Подхватив чемоданчик и сумочку, Элизабет устремилась к себе, едва держась на трясущихся ногах.

Уже в своей комнате она опустила вещи на низкий сундучок и, дрожа, села на кровать. В дверь был врезан замок, но она знала, что запираться нет необходимости - Куинн не придет, он дождется, чтобы пришла она.

Нет, ей нельзя, ни в коем случае нельзя с ним связываться. Это было бы полным сумасшествием.

Однако воспоминание о его страсти, словно огромный кулак, сжимало ей сердце. У нее болела грудь, воля готова была изменить ей.

Этого нельзя было допустить.

Склонив голову, крепко сцепив руки, Элизабет боролась со своим желанием.

И победила.

ГЛАВА ШЕСТАЯ

Она оглядела просторную комнату: белые стены, низкие потолочные балки, половицы из мореного дуба, старинная мебель. Она всегда любила эту комнату за простоту и вид на бухту и старый город.

Как и говорил Куинн, все осталось почти без изменений. На кровати лежало ее любимое лоскутное покрывало ручной работы, в ванной висели полотенца ее любимого персикового цвета, как будто в доме ждали ее возвращения.

В шкафу еще осталось кое-что из одежды, кругом были разбросаны ее личные вещи: дорожный будильничек, очки, программка поп-концерта, а на пузатом комоде в простой деревянной рамке стояла фотография ее и Генри.

Элизабет долго смотрела на снимок. У Куинна была фигура как у отца, однако в остальном на Генри больше походил младший сын. Оба были курносыми, у обоих была небольшая щель между верхними передними зубами.

Генри был добрым и внимательным, действительно хорошим человеком. Он скупо улыбался, но обладал отменным чувством юмора. Этот сильный человек, ростом под два метра, мухи не обидел бы.

С пышной копной серебристых волос, с моложавым лицом, он казался значительно моложе своих лет.

Фотография была сделана в тихий солнечный день на исходе лета. На Элизабет было простое ситцевое платьице и босоножки, волосы собраны в хвостик. Она казалась беспечной девчонкой.

Генри, в свободных брюках и рубашке с короткими рукавами, покинул свое кресло, чтобы совершить ежедневную прогулку вдоль террасы. В одной руке он держал трость, второй опирался на плечи Элизабет.

Он отпустил какую-то шутку, Элизабет засмеялась, подняв к нему лицо, и тут явился Пери с фотоаппаратом.

Обстановка была радостной и невинной, но теперь она видела, что при желании все можно было истолковать совсем иначе.

Чего Куинн, конечно, и не преминет сделать.

Элизабет вздохнула и поставила фотографию на место.

В голове снова завертелись мысли о Куинне. Она открыла чемоданчик - он ничего не забыл: кроме рубашки и пеньюара, лучшего, из атласа цвета слоновой кости, положил две пары трусиков, туфли на низких каблуках, две пары колготок, тонкое шерстяное платье, юбку, свитер и запасную косметичку. Элизабет невольно восхитилась: иному мачо ничего такого и в голову не пришло бы, подумала она, залезая под душ. А если бы и пришло, он отмахнулся бы от этой мысли как унижающей его достоинство.

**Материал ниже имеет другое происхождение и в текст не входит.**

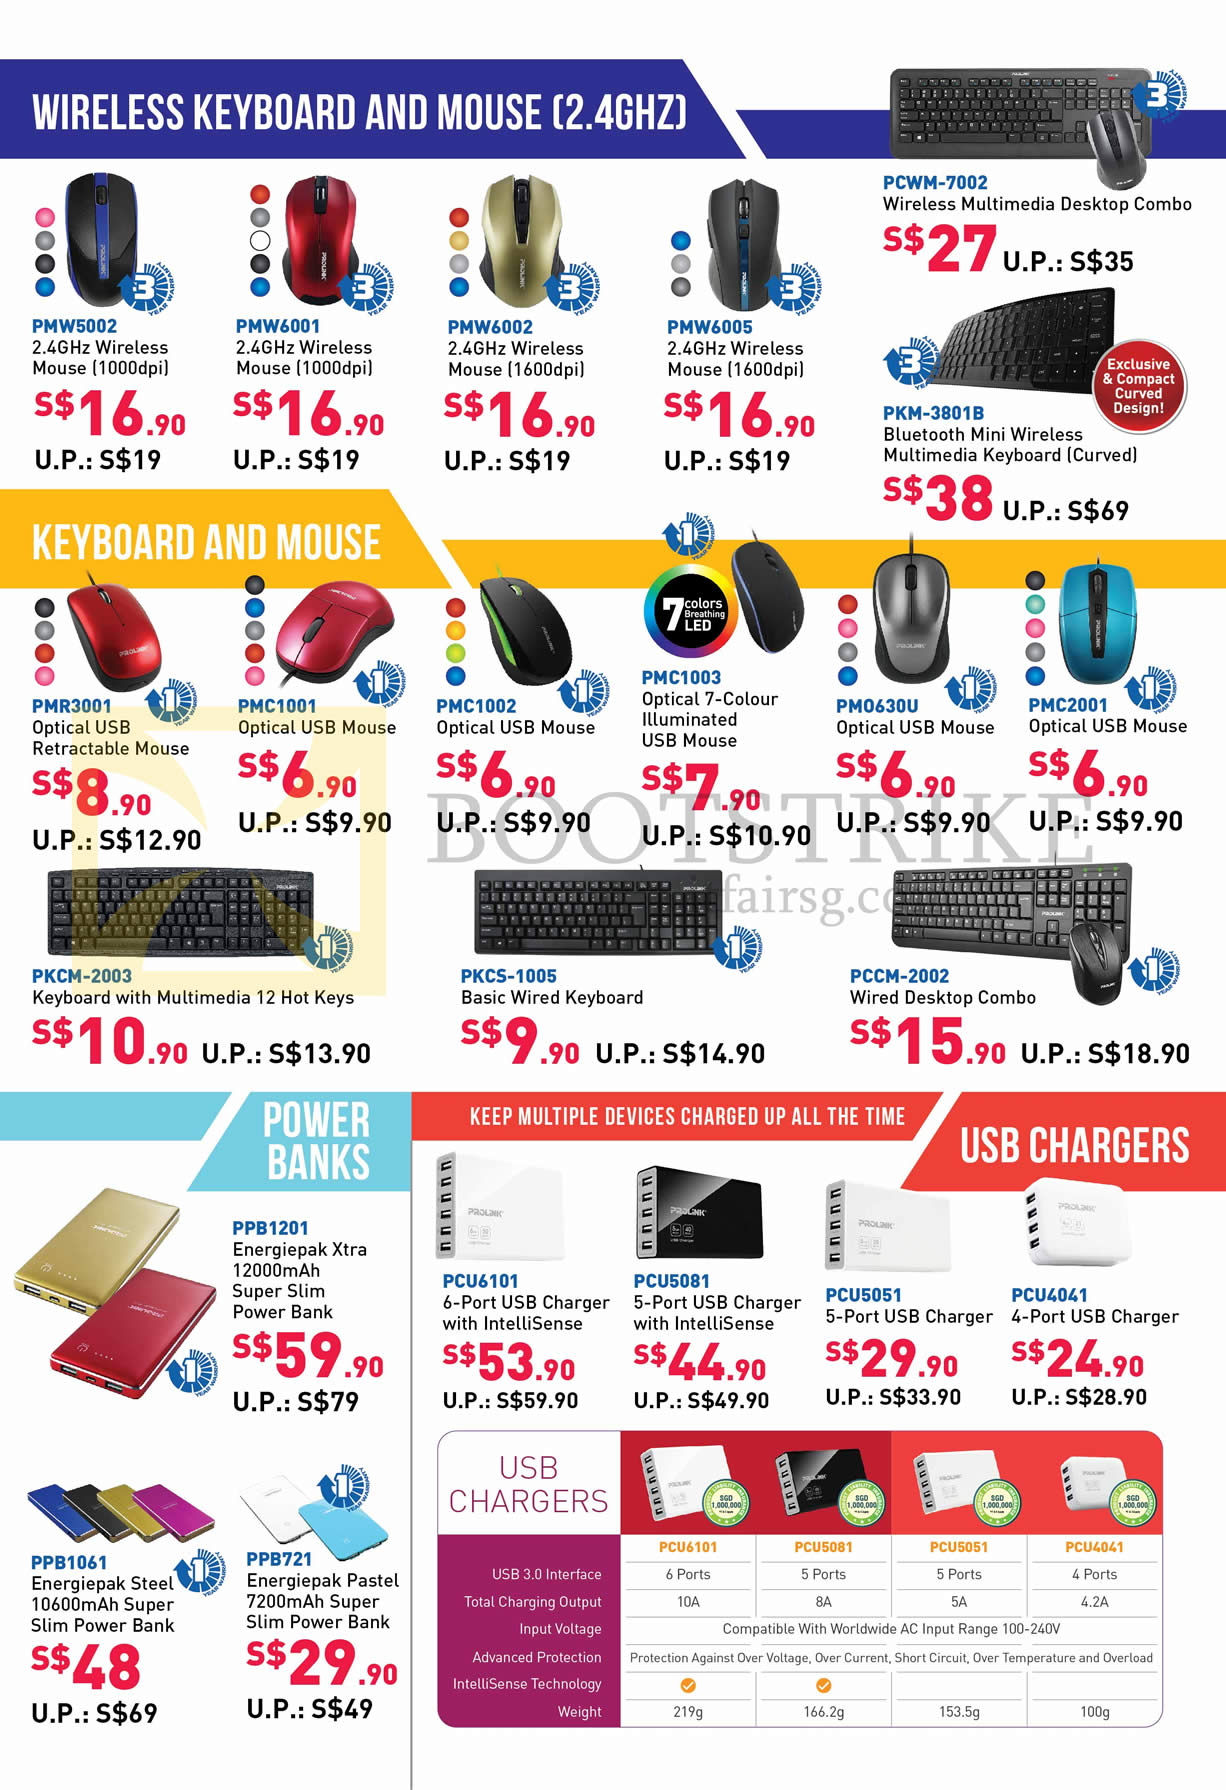 PC SHOW 2016 price list image brochure of Prolink Wireless Keyboard, Mouse, Power Banks, USB Chargers, PMW5002, 6001, 6002, 6005, PMR3001, PMC1001, 1002, 1003, PKCM-2003, PPB1201, 1041, 721

Но Куинн всегда был непредсказуем: то суровый и грубый, то нежный и ласковый, то заботливый, то беспардонный.

Она так и не поняла, какой он на самом деле, она просто любила его глубоко и страстно, так что сама себе удивлялась.

Откуда же эта странная идея - выйти замуж за Ричарда? Пока в ней живо чувство к первому мужу, не может она выйти за другого.

Вот только Куинн ей не муж…

С тяжелым, как свинец, сердцем Элизабет вышла из ванной, расчесала длинные черные волосы, залезла в постель и выключила свет.

Лежа с закрытыми глазами, она старалась расслабиться, но тревожные мысли не уходили.

Наконец ей надоело ворочаться. Пожалуй, горячий шоколад, от которого она отказалась, сейчас был бы кстати. Нет, он ей просто необходим.

Элизабет нащупала пеньюар, открыла дверь и начала впотьмах пробираться вниз по знакомой лестнице.

Она пересекла холл, ступая босыми ногами по скрипящим половицам. Высокие окна выделялись чуть светлыми четырехугольниками.

Вот и кухня.

Элизабет включила лампочку над плитой, налила чайник и стала рыться в шкафчике, ища шоколад. Только она протянула руку за кружкой, как, заметив скорее движение, чем какой-то звук, поняла, что уже не одна.

Она резко обернулась: высокий темный силуэт заполнял дверной проем.

- Так, значит, ты передумала, - заметил Куинн и добавил: - Я имею в виду, насчет напитка.

- Ты испугал меня, - буркнула она. - Как ты догадался, что я здесь?

- Я слышал, как ты прошла через холл.

Он подошел к ней, и, когда попал в полосу света, она увидела, что он одет. Так он совсем не ложился?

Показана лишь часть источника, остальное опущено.